In the data below, find the line with "Image of A.Calin" and the line with "Tory Burch Embroidered Linen Mini Dress", then restate both and every line between them exactly, minus the pictures.

Extracted records:
○ ○ ○ ○
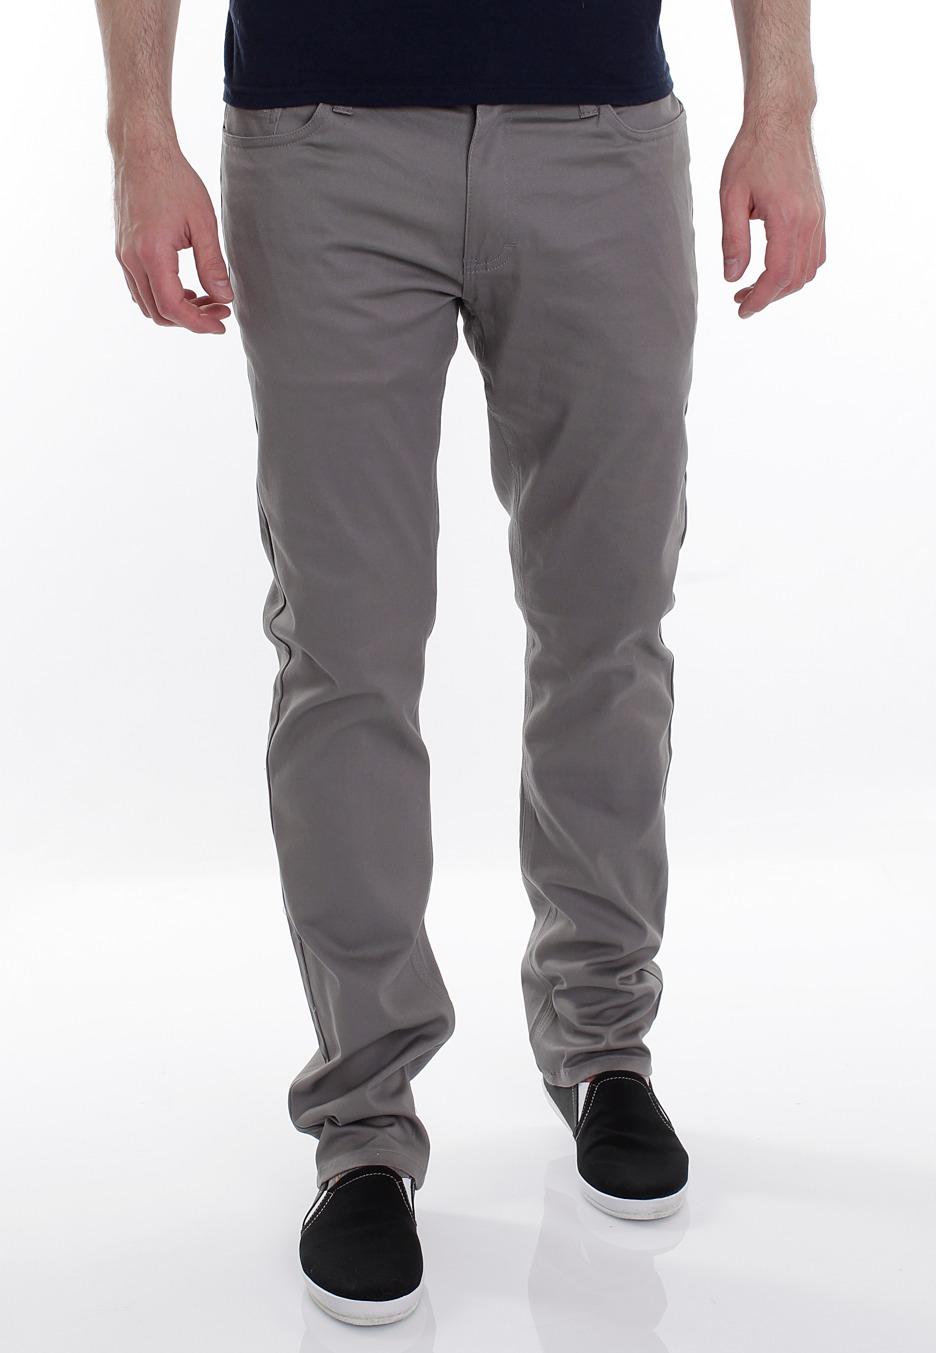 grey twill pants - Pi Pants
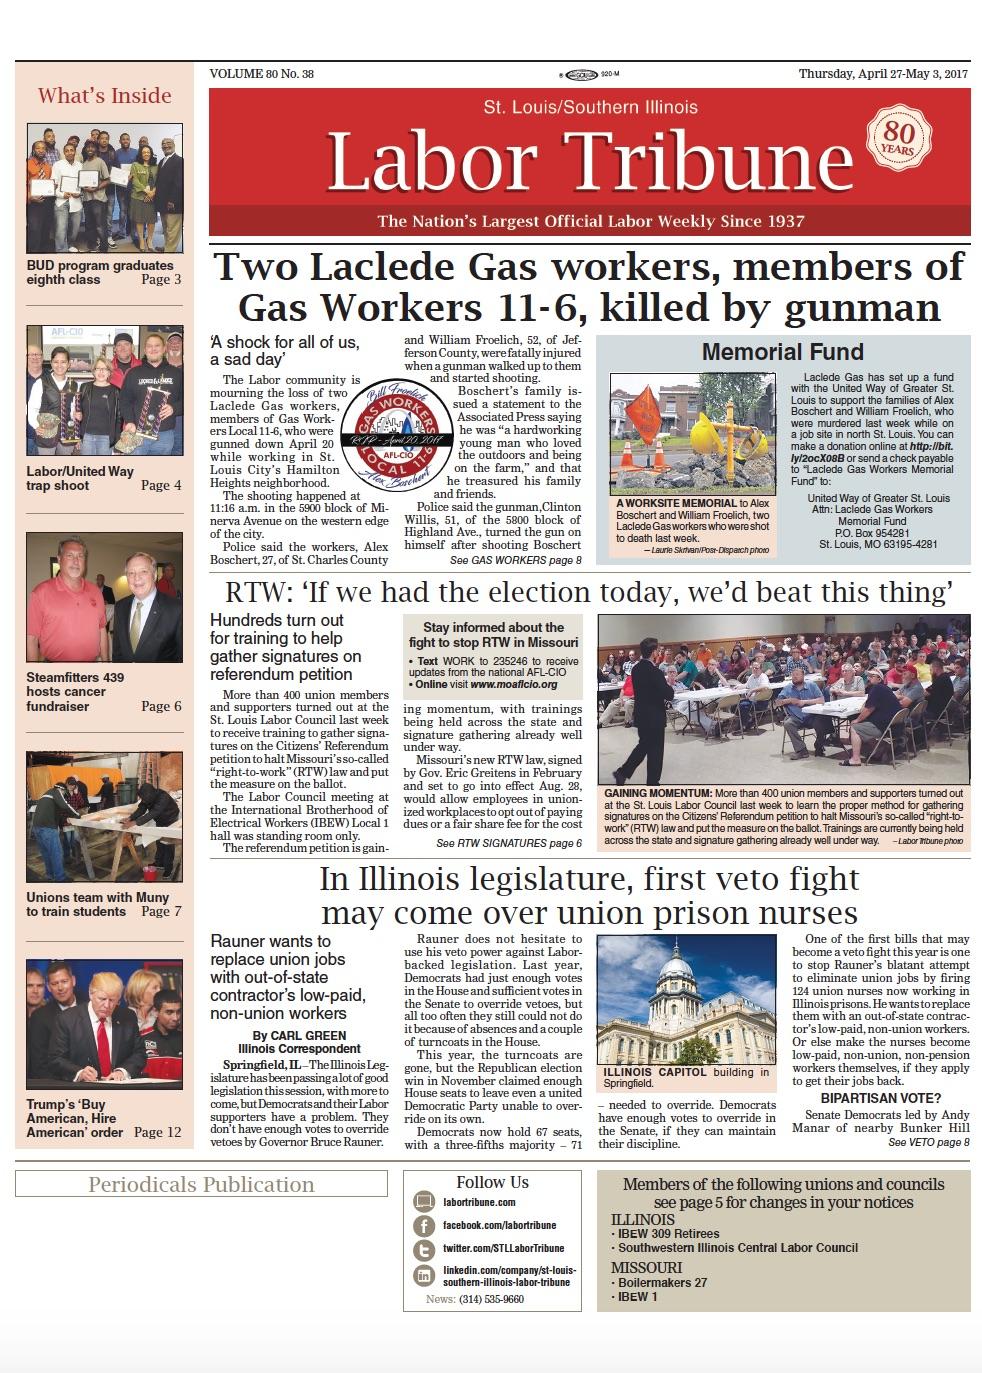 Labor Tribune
○ ○ ○ ○
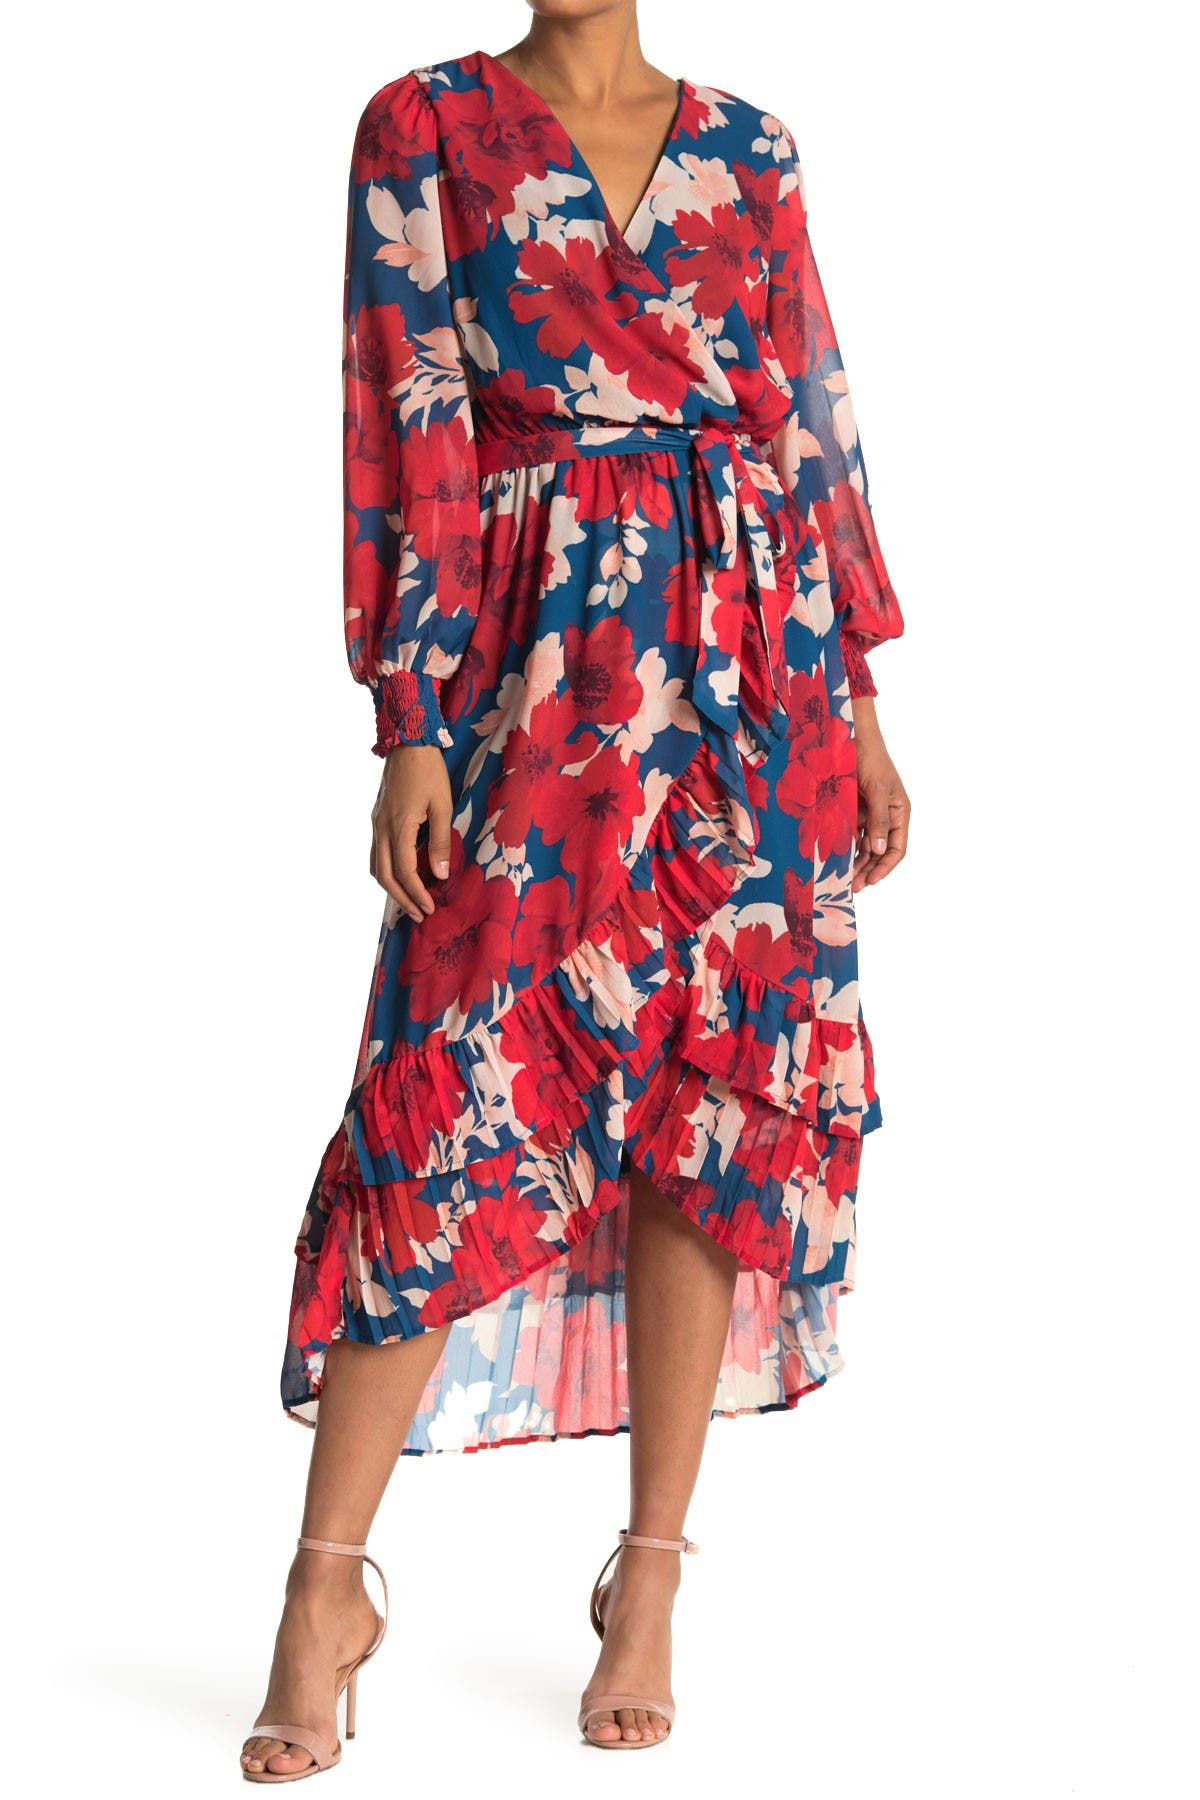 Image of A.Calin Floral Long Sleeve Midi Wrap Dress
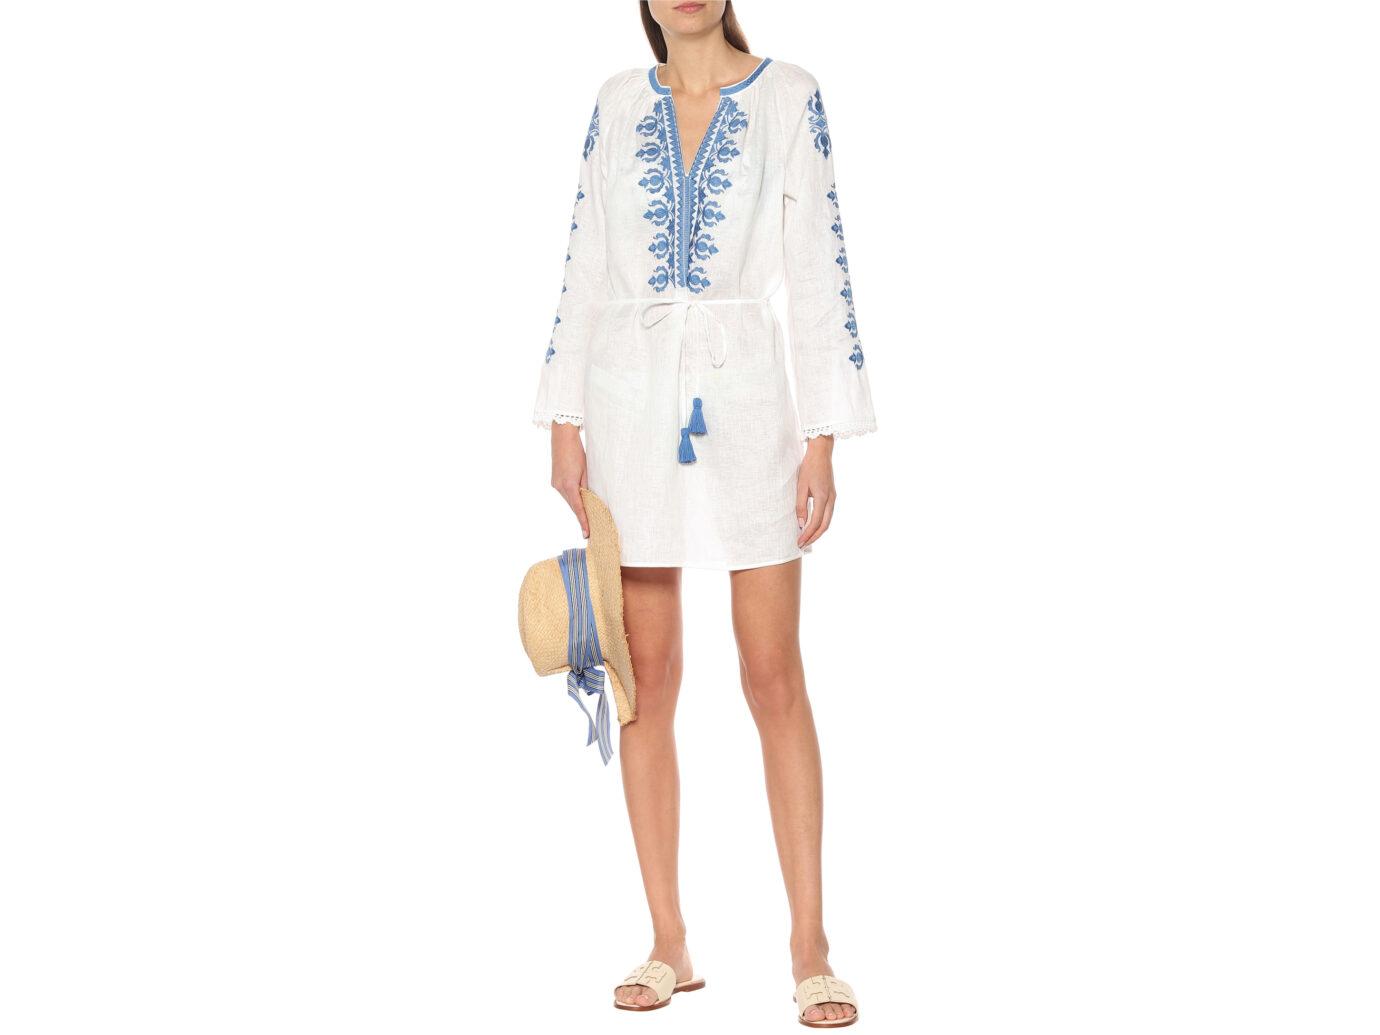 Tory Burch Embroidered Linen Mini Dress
○ ○ ○ ○
Task response:
 Image of A.Calin Floral Long Sleeve Midi Wrap Dress
 Tory Burch Embroidered Linen Mini Dress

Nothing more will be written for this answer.